Bigger, faster vessel to deploy navigational buoys

The new Panduan stands apart from its predecessor in terms of size, cruising speed and operational capabilities

Singapore's waters are getting a traffic light upgrade, thanks to a new vessel commissioned by the Maritime and Port Authority of Singapore (MPA) on Friday.

The $4.8 million Panduan, which means guidance in Malay, is able to deploy bigger and heavier navigational buoys.

These red and green buoys are lit at night to help ships navigate. Typically, a ship should have the red buoy on its left and the green one on the right.

The new 35m-long, 267-tonne vessel, which is able to lift up to 10 tonnes, can handle buoys with a 3.5m diameter, against 2.4m for its predecessor, also named Panduan, which could only lift five tonnes and has been in service since 1996.

MPA chief hydrographer Parry Oei said the bigger buoys, which will make up 10 to 20 per cent of its 121 navigational buoys, will be deployed in deeper waters, where more stability is required.

With a speed of 15 knots, the new Panduan is also 1.5 times faster. This will allow it to deploy buoys more swiftly when needed, for instance to mark the spot of a sunken vessel or underwater object.
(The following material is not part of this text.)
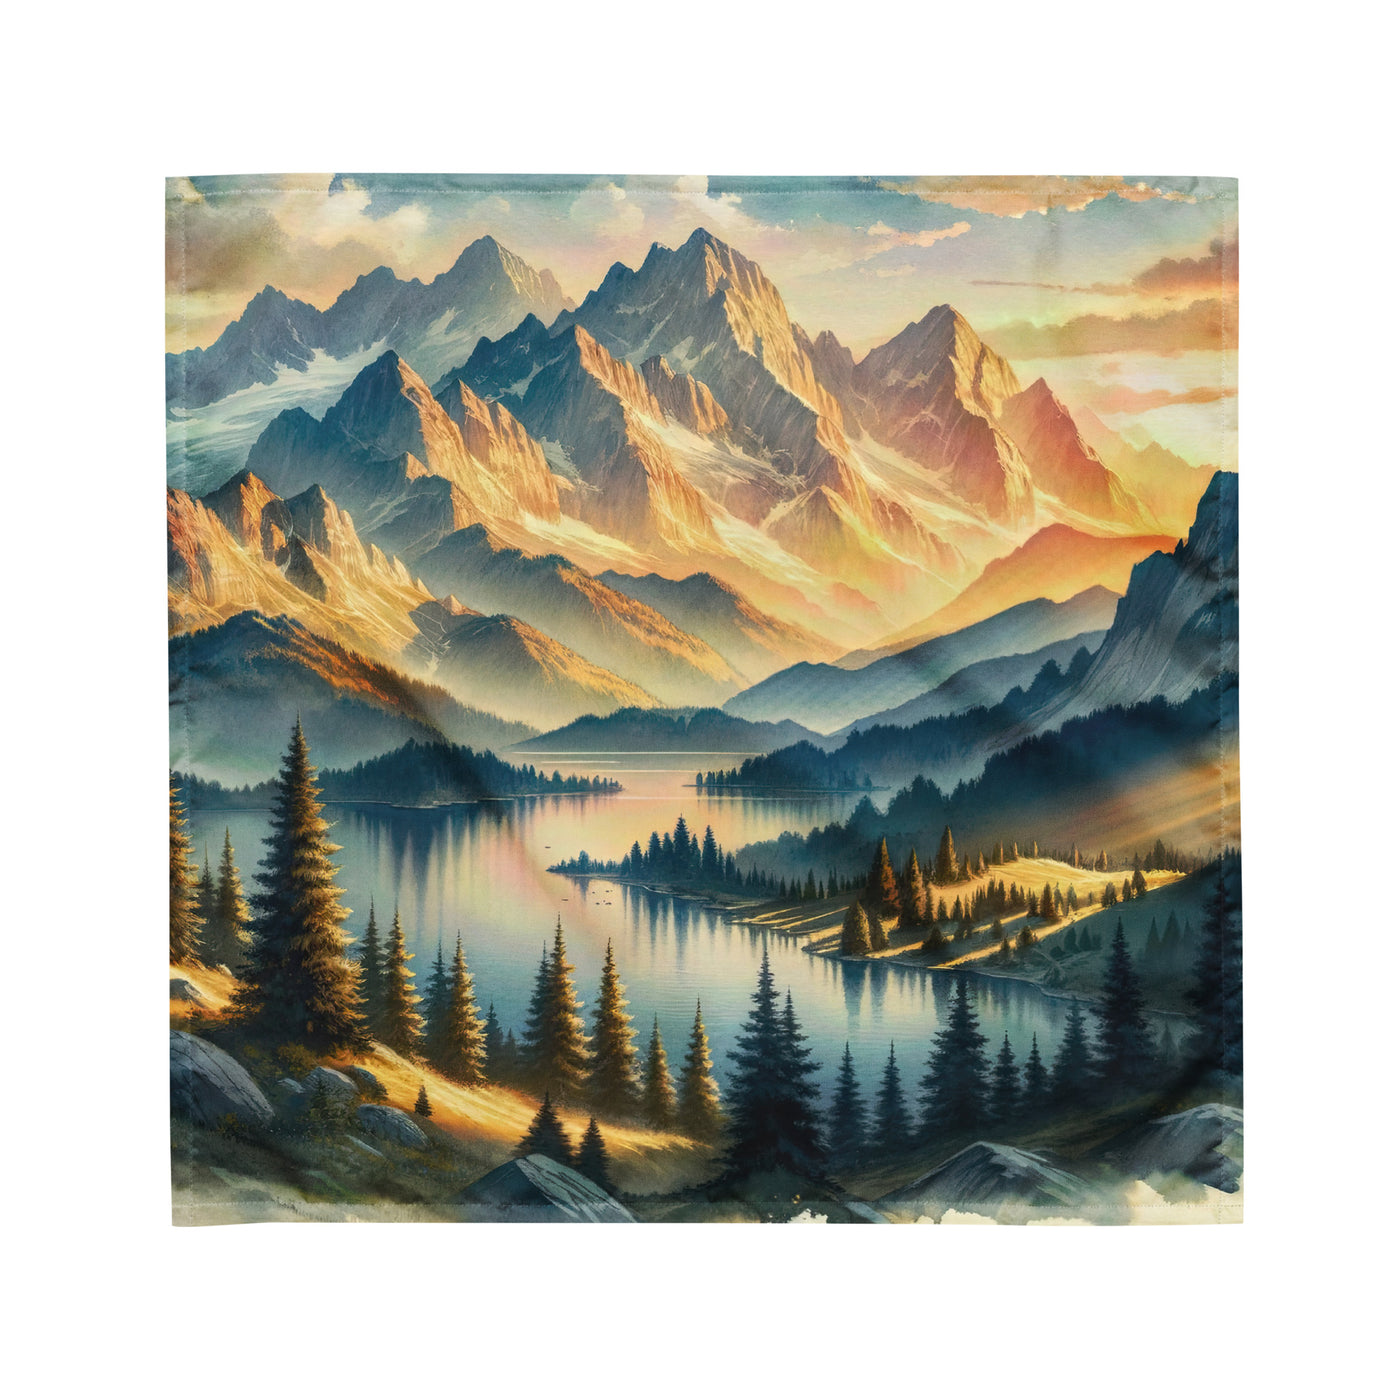 Aquarell der Alpenpracht bei Sonnenuntergang, Berge im goldenen Licht - Bandana (All-Over Print) berge xxx yyy zzz M

The Panduan will be able to traverse Singapore's waters within two hours, compared to the three to four hours the older vessel took.

With the ports getting busier and handling increasingly bigger vessels, MPA chairman Lucien Wong said it was important to ensure there are adequate navigational aids, and more conspicuous ones to clearly mark out Singapore's shipping lanes and anchorages.

About 130,000 vessels arrive here every year.

The Panduan is also equipped with fire fighting equipment and carries 4,000 litres of oil dispersant to support patrol vessels responding to oil spills.

Mr Wong said the vessel's higher speed and lifting capacity make it easier to maintain the navigational buoys and 97 mooring buoys to which smaller vessels are tethered.

He said: "With our new buoy tender vessel, we will be well placed to ensure the safety of navigation in our waters alongside the growth in Singapore's port and shipping operations."